ONG venezolana hornea una torta gigante para niños afectados por terremotos
La Fundación Color Esperanza de Venezuela, con la colaboración de 50 voluntarios, ha preparado una torta gigante para entregar a niños que han sido afectados por los recientes terremotos en el país. Este evento se desarrolla en el contexto del Día del Niño y busca brindar alegría a los menores que se encuentran en refugios.

En Venezuela, la Fundación Color Esperanza está llevando a cabo una iniciativa solidaria en la que prepararon la torta más grande del país, con el objetivo de repartirla entre los niños que se encuentran en refugios tras el devastador impacto de dos terremotos de magnitud 7,2 y 7,5 ocurridos el pasado 24 de junio. El evento se celebra en la víspera del Día del Niño, una fecha significativa que busca llevar alegría a los más pequeños en medio de la crisis.
La torta, que fue elaborada por un grupo de aproximadamente 50 voluntarios, tiene una longitud de ocho metros y un ancho de 1,20 metros, decorada con los colores de la bandera venezolana. Marelisa Acevedo, presidenta de la fundación, explicó que esta actividad se repite tras el éxito del año anterior, pero adquiere un significado especial debido a la situación actual de muchos niños que han perdido sus hogares y la esperanza tras los recientes desastres naturales.
Wilman Villegas, otro miembro de la fundación, indicó que se estima repartir alrededor de 3.000 pedazos de torta en los refugios del municipio Sucre, en el este de Caracas. La comida no solo representa un gesto de apoyo, sino que se considera un símbolo de alegría y resiliencia para los niños en esta complicada etapa de sus vidas. La intención es brindarles un trozo de felicidad en un momento de incertidumbre y dolor.
Los terremotos que afectaron a Venezuela han dejado un saldo trágico de más de 5.000 fallecidos y más de 16.000 heridos, además de 21.235 personas que continúan vivieron en 107 campamentos transitorios. La devastación en el estado de La Guaira, cercano a Caracas, es particularmente grave, lo que ha llevado al Gobierno a anunciar el inicio de un censo biométrico para determinar cuántas viviendas serán necesarias para reconstruir las zonas afectadas, con estimaciones de hasta 25.000 unidades necesarias.

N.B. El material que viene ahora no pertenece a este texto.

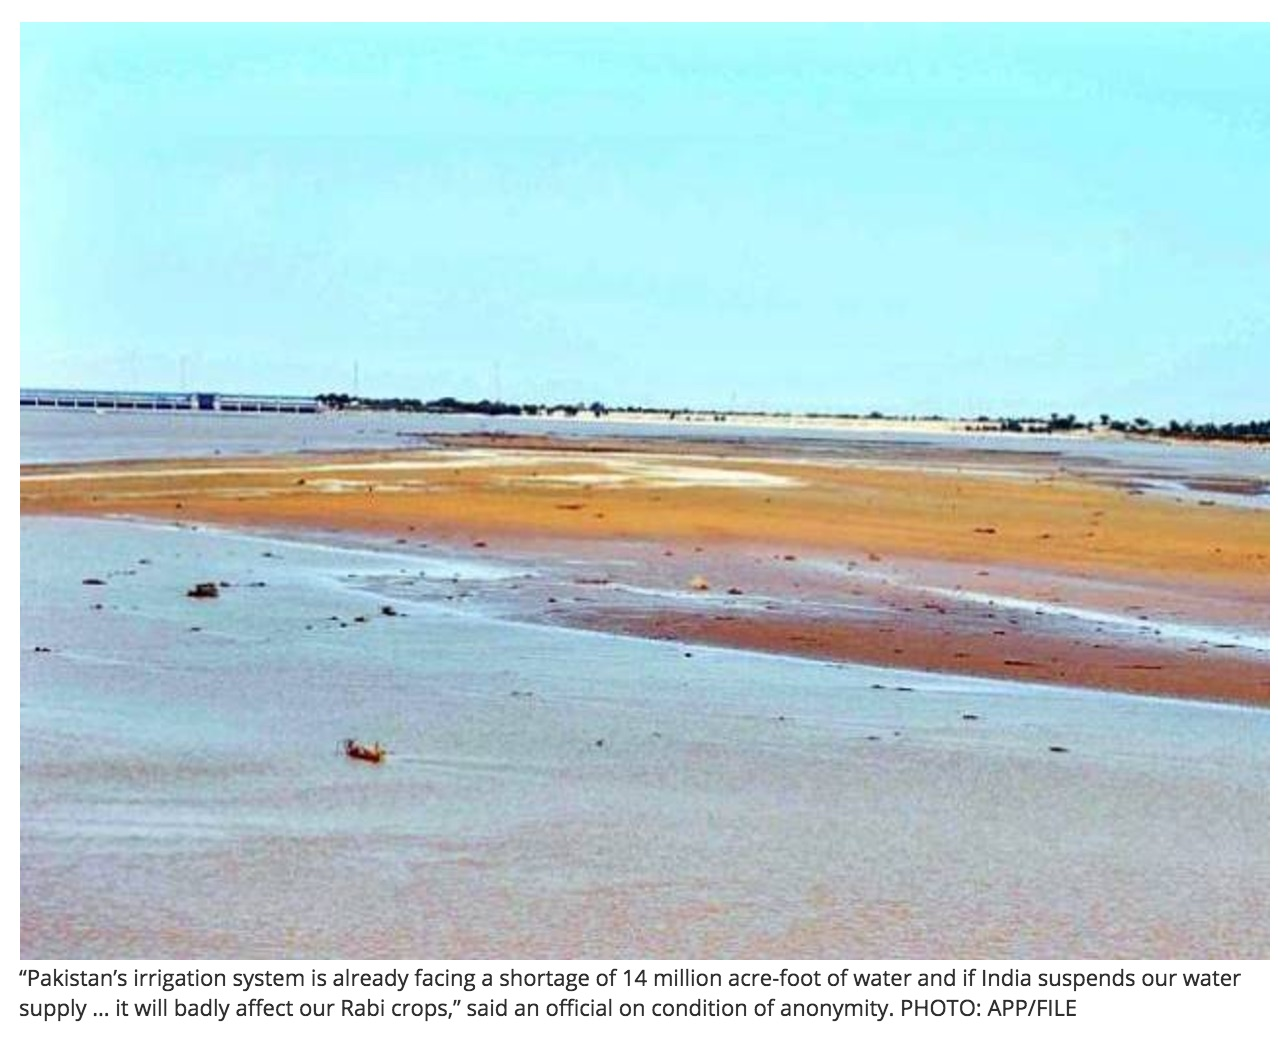 Le Pakistan manque cruellement d'infrastructures pour pouvoir conserver l'eau de pluie ou issue de la fonte des glaciers. Copie d'écran de Tribune, le 29 septembre 2016.

Esta celebración en pro de los niños no solo responde a una necesidad inmediata de atención y contención, sino que también busca restaurar un sentido de normalidad y felicidad en un contexto de crisis nacional. La torta gigante se convierte, así, en un gesto de esperanza que resuena profundamente en un país que enfrenta desafíos considerables tras los desastres naturales, pero también en la fortaleza y unidad de su comunidad.